Since the y axis is labeled "counts", a natural choice for the underlying distribution would be Poisson. The Poisson distribution expresses the probability of a given number of events occurring in a fixed interval if these events occur with a known rate and independently of the time since the last event. In fact, since this toy data, the values were generated by simulating draws from a Poisson distribution.
The Poisson probability mass function is
\[P(k;\lambda ) = \frac{{{\lambda ^k}{e^{ - \lambda }}}}{{k!}}\,k = 0,1,2...\]
$\lambda$ is a parameter representing the average number of events per interval. k takes on integer values starting at zero. $P(k;\lambda )$ represents the probability of seeing k events in some fixed interval.
With the data shown above, the goal will be to determine where, if any place, the value of $\lambda$ changes and what are the $\lambda$ values in each region. To accomplish this, I'll try a Bayesian approach similar to the one outlined by Liu and Lawrence. Liu and Lawrence applied their method to DNA sequences, but the method works with other types of discrete data. You can see its use in the context of Gibbs sampling for DNA motif finding here.
If we knew how many different values of $\lambda$ were involved, we could use a hidden Markov model and Baum-Welch or Viterbi training to find the regions and their parameter values. The advantage to the Bayesian approach is that we don't necessarily need to know how many different regions there are in the data. This approach will allow us to infer values for the number of change points, where they occur, and the values of $\lambda$ in the regions. In addition it will give us an idea of the uncertainty of these values.

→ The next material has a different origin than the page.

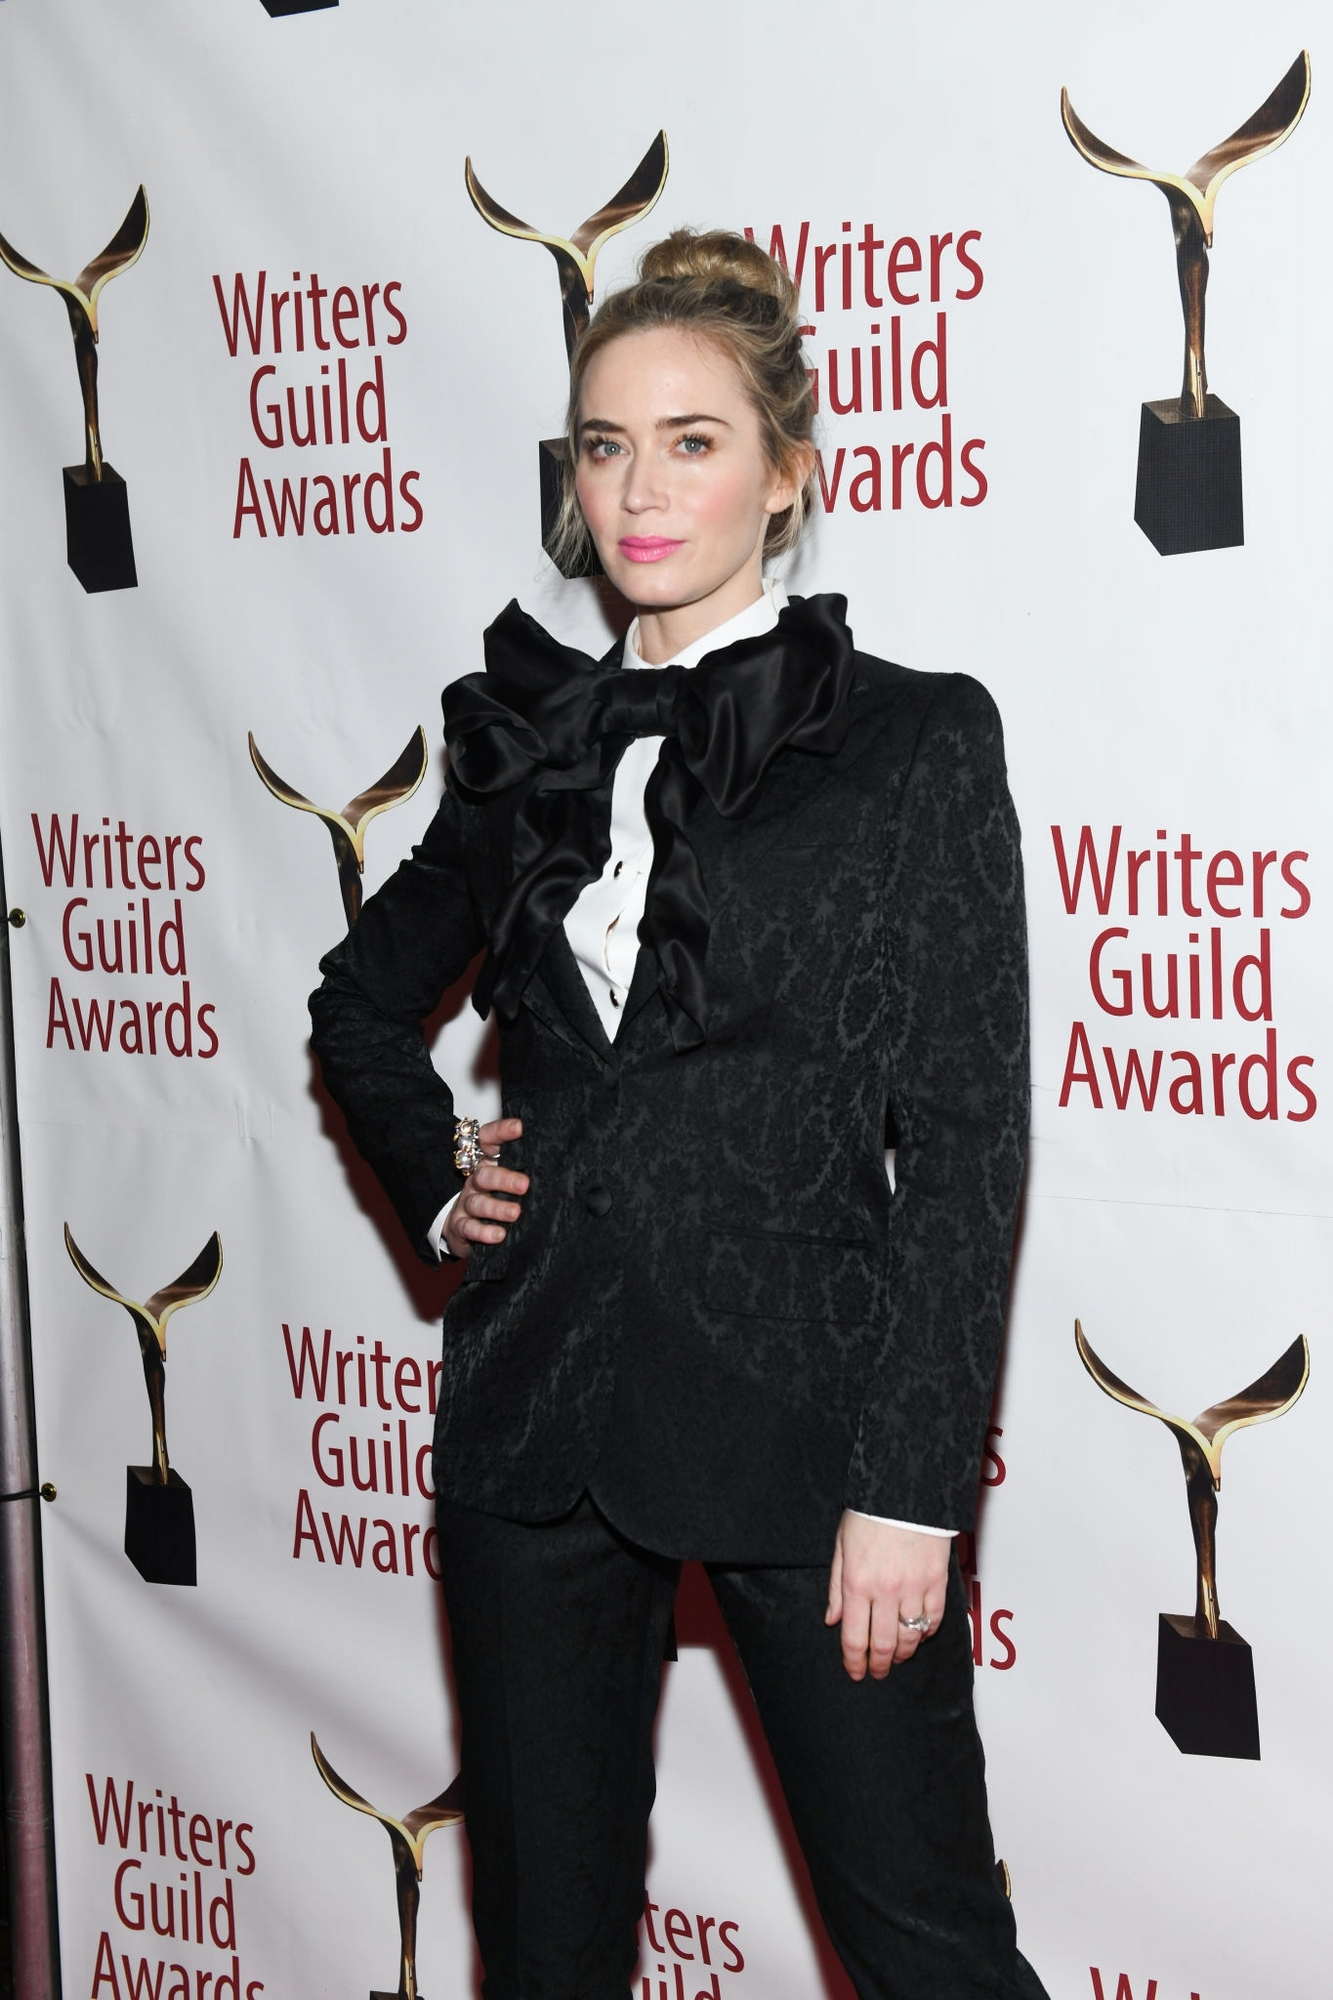 Emily_Blunt_-_71st_Annual_Writers_Guild_Awards_New_York_Ceremomy_-_Feb_17th2.jpg

We have some observed data, ${\mathbf{X}} = ({x_1},{x_2}...{x_n})$, some missing data ${\mathbf{C}} = ({c_1},{c_2}...{c_k})$ representing the change point positions; some unknown parameters ${\mathbf{\lambda }} = ({\lambda _0},{\lambda _1}...{\lambda _k})$ representing the means of the data for each segment, and $\kappa$, the number of change points. For k change points, the data is broken into k+1 segments.
Ideally we would like to sample change points from the joint probability distribution of all of these quantities, $P({\mathbf{X}},{\mathbf{C}},{\mathbf{\lambda }},\kappa )$, but that's hard. Instead, we use a combination of dynamic programming and GIbbs sampling to estimate where the change points occur and the values of $\lambda$ in each segment.

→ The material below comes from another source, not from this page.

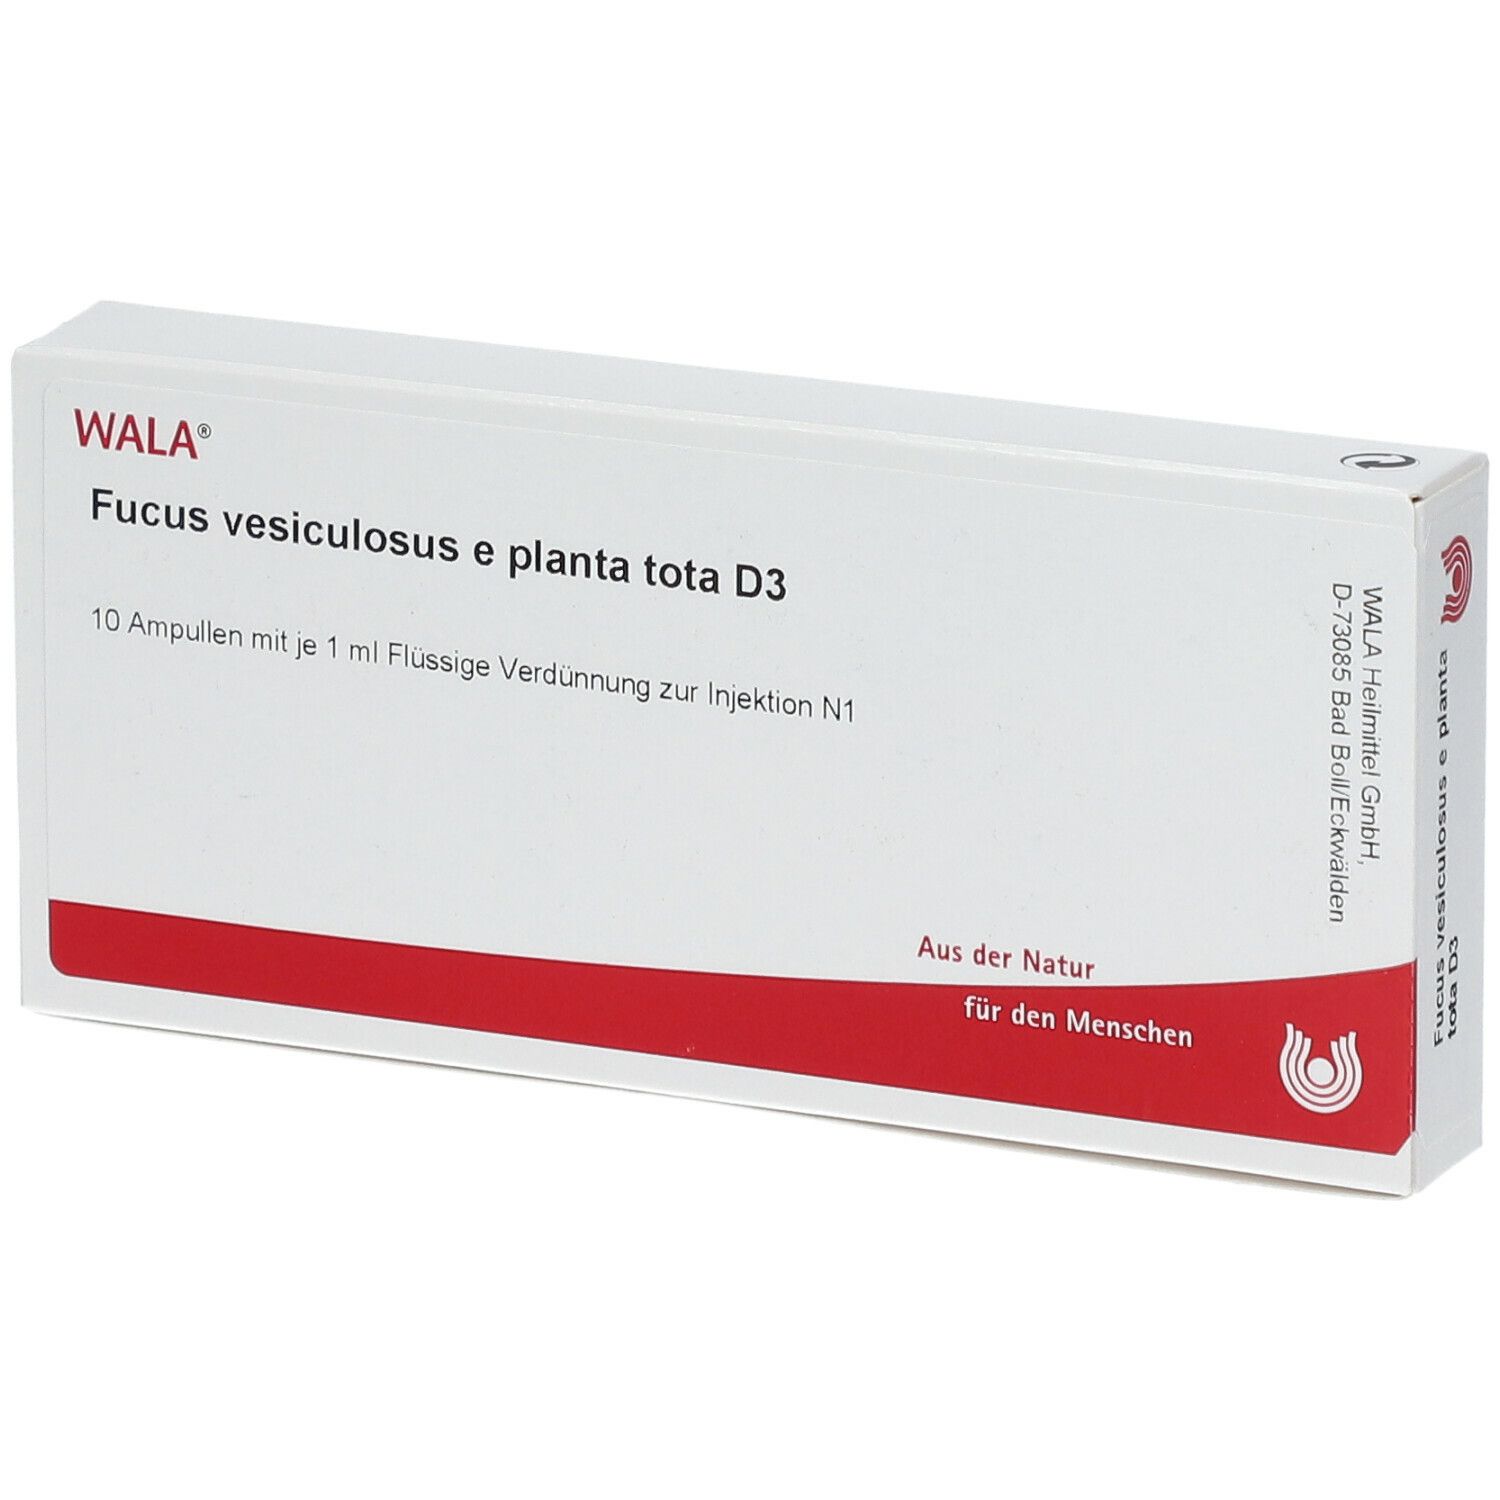 WALA® Fucus vesiculosus e planta tota D 3

Expanding the joint probability by Bayes rule, we get:
\[P({\mathbf{X}},{\mathbf{C}},{\mathbf{\lambda }},\kappa ) = P({\mathbf{X}}|{\mathbf{C}},{\mathbf{\lambda }})P({\mathbf{{\rm X}}}|{\mathbf{\kappa }})P({\mathbf{\kappa }})P({\mathbf{\lambda }})\]
Let's make a few simplifying assumptions. For starters, we'll assume that k can only take on values $k = 0,1...{k_{\max }}$. That is we'll choose a value for the maximum number of change points.
Consider a single segment ${{\mathbf{X}}_{[i:j]}} = ({x_i},{x_{i + 1}}...{x_{j-1}})$. Since each element is independent of the preceding elements, if we knew the value or values of $\lambda$, we could calculate the probability of the data in a segment by multiplying the individual probabilities.
\[P({{\mathbf{X}}_{[i:j]}}) = \frac{1}{{\prod\limits_i {{x_i}!} }}{e^{ - n\lambda }}{\lambda ^{\sum\limits_i {{x_i}} }}\]
However, we don't know $\lambda$, instead we will marginalize over all possible values of $\lambda$ to get the probability of the data.
\[P({{\mathbf{X}}_{[i:j]}}) = \int {P(} {{\mathbf{X}}_{[i:j]}},\lambda )d\lambda = \int {P({{\mathbf{X}}_{[i:j]}}|{\mathbf{\lambda }})P({\mathbf{\lambda }})d{\mathbf{\lambda }}} \]
${P({{\mathbf{X}}_{[i:j]}}|{\mathbf{\lambda }})}$ is the Poisson probability mass function shown above. ${P({\mathbf{\lambda }})}$ is called the prior for $\lambda$. There are a lot of possible prior distributions for $\lambda$. In Bayesian analysis, it's common to choose a prior, called a conjugate prior, that has a form that makes it possible to evaluate the integral analytically. For a Poisson distribution, the conjugate prior is a Gamma distribution.
\[P(x;\alpha ,\beta ) = \frac{{{\beta ^\alpha }}}{{\Gamma (\alpha )}}{x^{\alpha - 1}}{e^{ - \beta x}}\]
for $x > 0$. $\alpha > 0$ is called the shape and $\beta > 0$ is called the rate. $n$ is the length of the segment. $\Gamma$ is the Gamma function, not the Gamma distribution. Notice that form of this distribution looks similar to the Poisson distribution.
With this prior, we can calculate the probability of the data in the segment.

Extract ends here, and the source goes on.